[PATCH i-g-t v4] tests/amd_queue_reset: add sdma test in queue reset
Jesse.zhang@amd.com
jesse.zhang at amd.com
Mon Sep 2 09:48:55 UTC 2024
To enhance queue reset, add sdma ip test.
v4: 1.add sdma support flag,
2.add a function about calcuating num of tests,
3.remove !strstr(it->name, "CMD").(Vitaly)
4.temporarily ignore memory page has hardware error (EHWPOISON)
Cc: Vitaly Prosyak <vitaly.prosyak at amd.com>
Cc: Alex Deucher <alexander.deucher at amd.com>
Cc: Christian Koenig <christian.koenig at amd.com>
Signed-off-by: Jesse Zhang <jesse.zhang at amd.com>
Reviewed-by: Vitaly Prosyak <vitaly.prosyak at amd.com>
---
lib/amdgpu/amd_command_submission.c | 2 +-
lib/amdgpu/amd_ip_blocks.h | 1 +
tests/amdgpu/amd_queue_reset.c | 43 +++++++++++++++++++++--------
3 files changed, 34 insertions(+), 12 deletions(-)

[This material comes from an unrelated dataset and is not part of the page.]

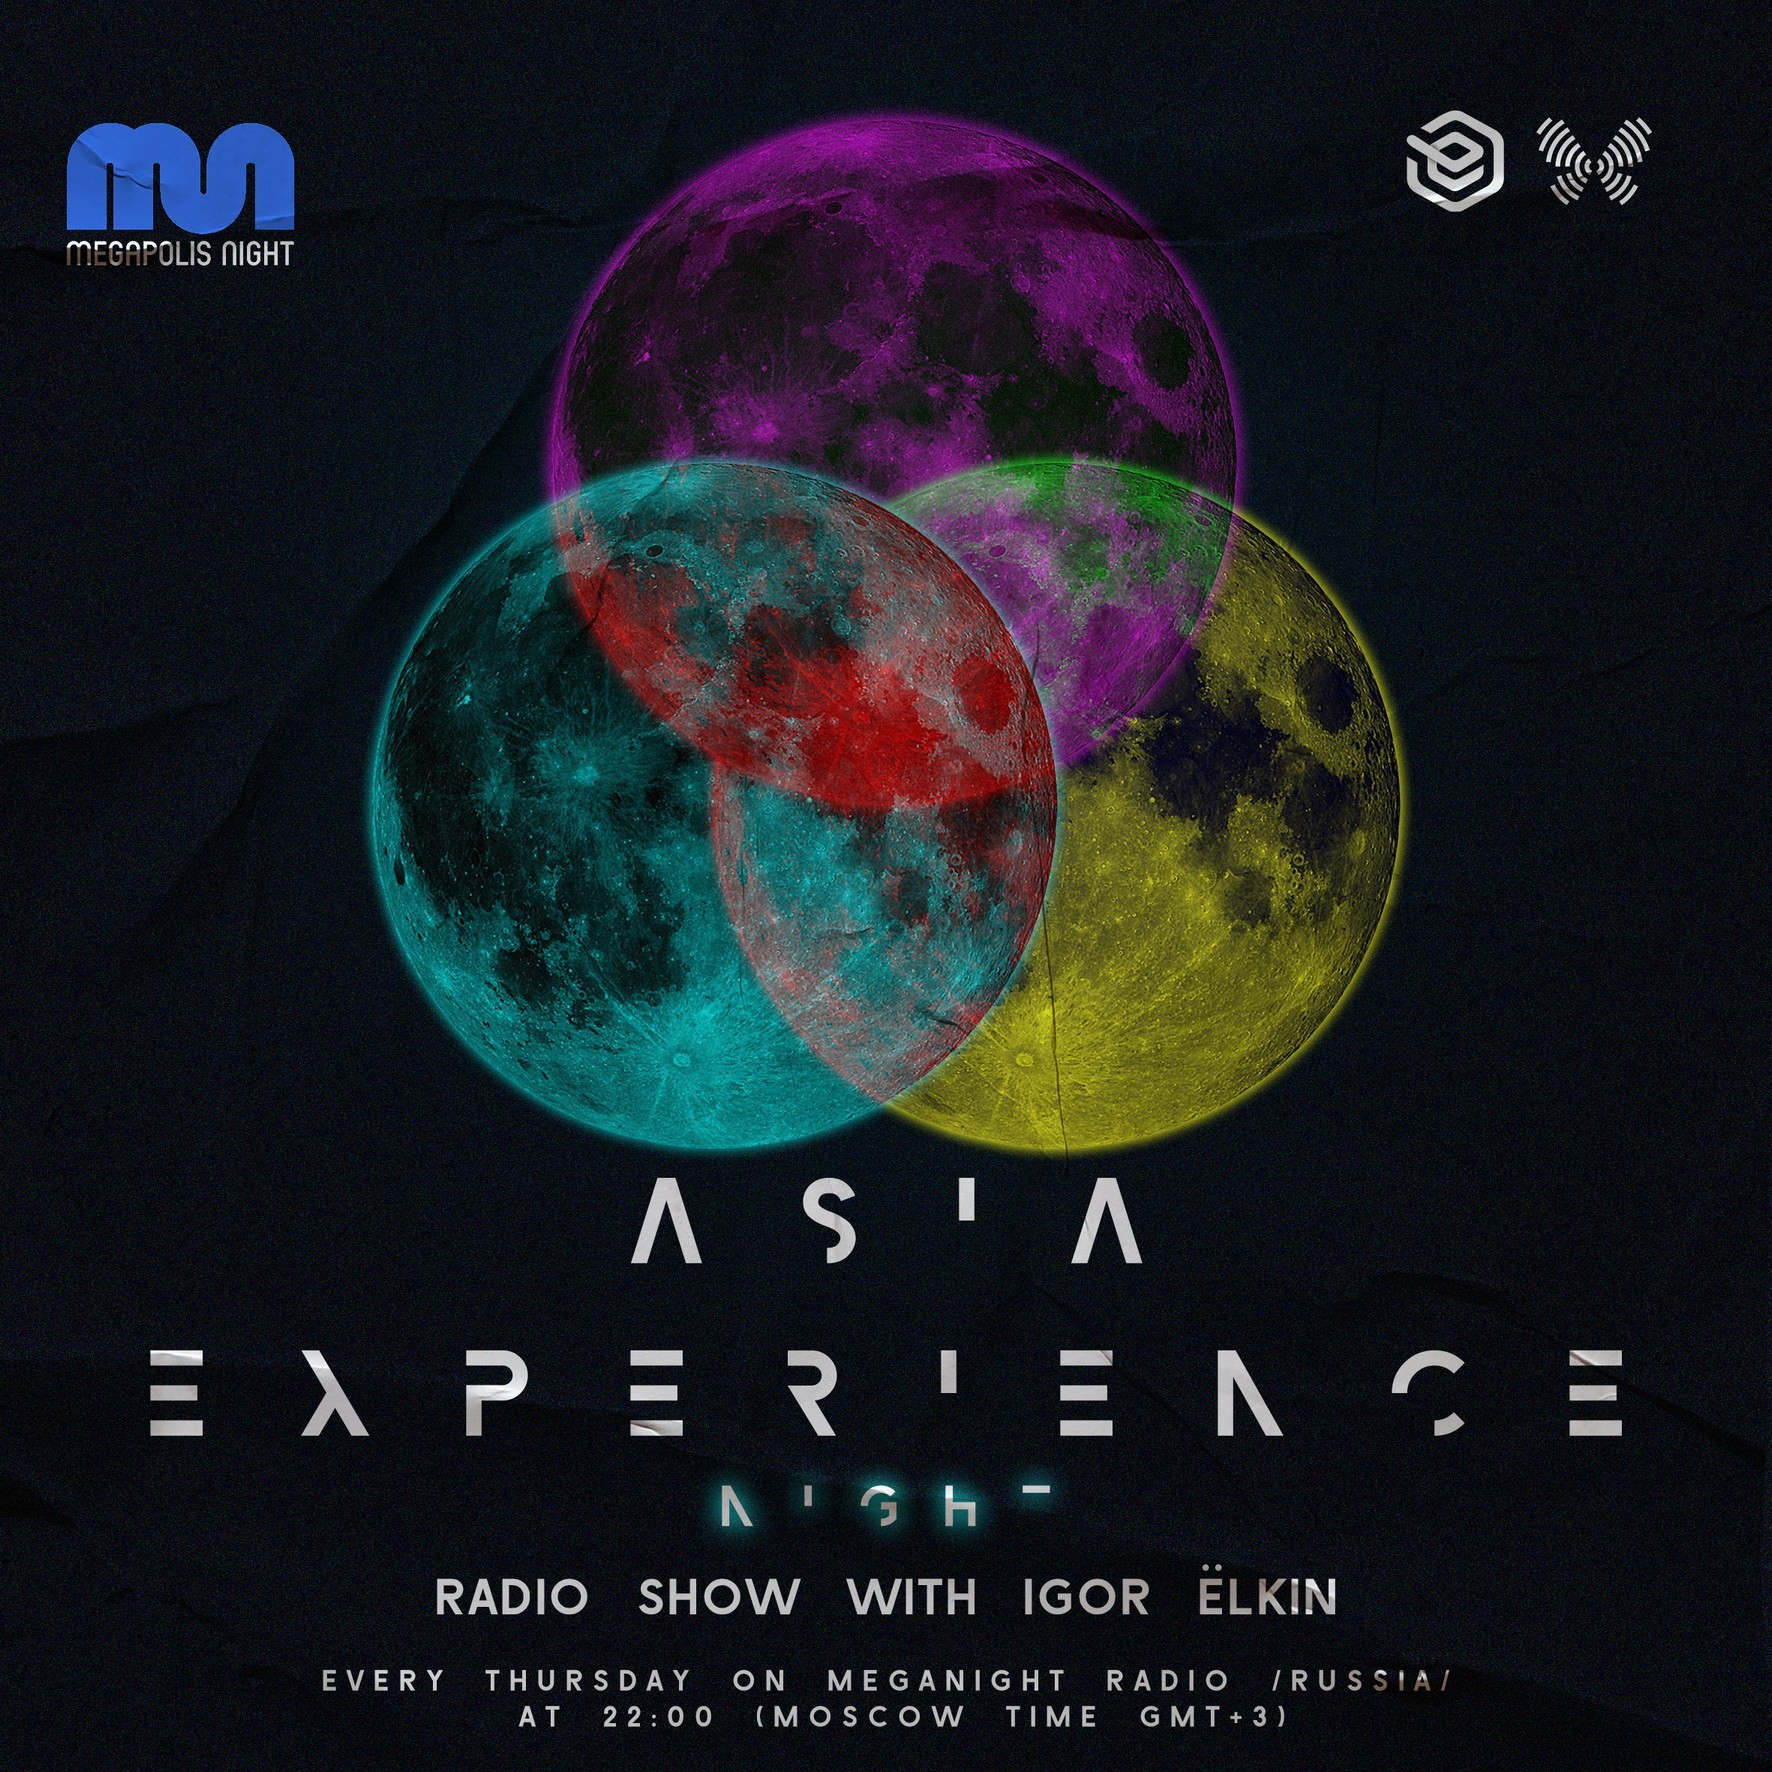 Elkin - Asia Experience Night  Radio Show #047 @ Megapolis Night  15.04.2021 #47

diff --git a/lib/amdgpu/amd_command_submission.c b/lib/amdgpu/amd_command_submission.c
index a0c72fb47..025e8bb7a 100644
--- a/lib/amdgpu/amd_command_submission.c
+++ b/lib/amdgpu/amd_command_submission.c
@@ -77,7 +77,7 @@ int amdgpu_test_exec_cs_helper(amdgpu_device_handle device, unsigned int ip_type
if (expect_failure)
igt_info("amdgpu_cs_submit %d PID %d\n", r, getpid());
else {
- if (r != -ECANCELED && r != -ENODATA) /* we allow ECANCELED or ENODATA for good jobs temporally */
+ if (r != -ECANCELED && r != -ENODATA && r != -EHWPOISON) /* we allow ECANCELED, ENODATA or -EHWPOISON for good jobs temporally */
igt_assert_eq(r, 0);
}
diff --git a/lib/amdgpu/amd_ip_blocks.h b/lib/amdgpu/amd_ip_blocks.h
index 3e729f4c0..6a8f97d24 100644
--- a/lib/amdgpu/amd_ip_blocks.h
+++ b/lib/amdgpu/amd_ip_blocks.h
@@ -62,6 +62,7 @@ struct dynamic_test{
const char *name;
const char *describe;
struct asic_id_filter exclude_filter[_MAX_NUM_ASIC_ID_EXCLUDE_FILTER];
+ bool support_sdma;
};
#define for_each_test(t, T) for(typeof(*T) *t = T; t->name; t++)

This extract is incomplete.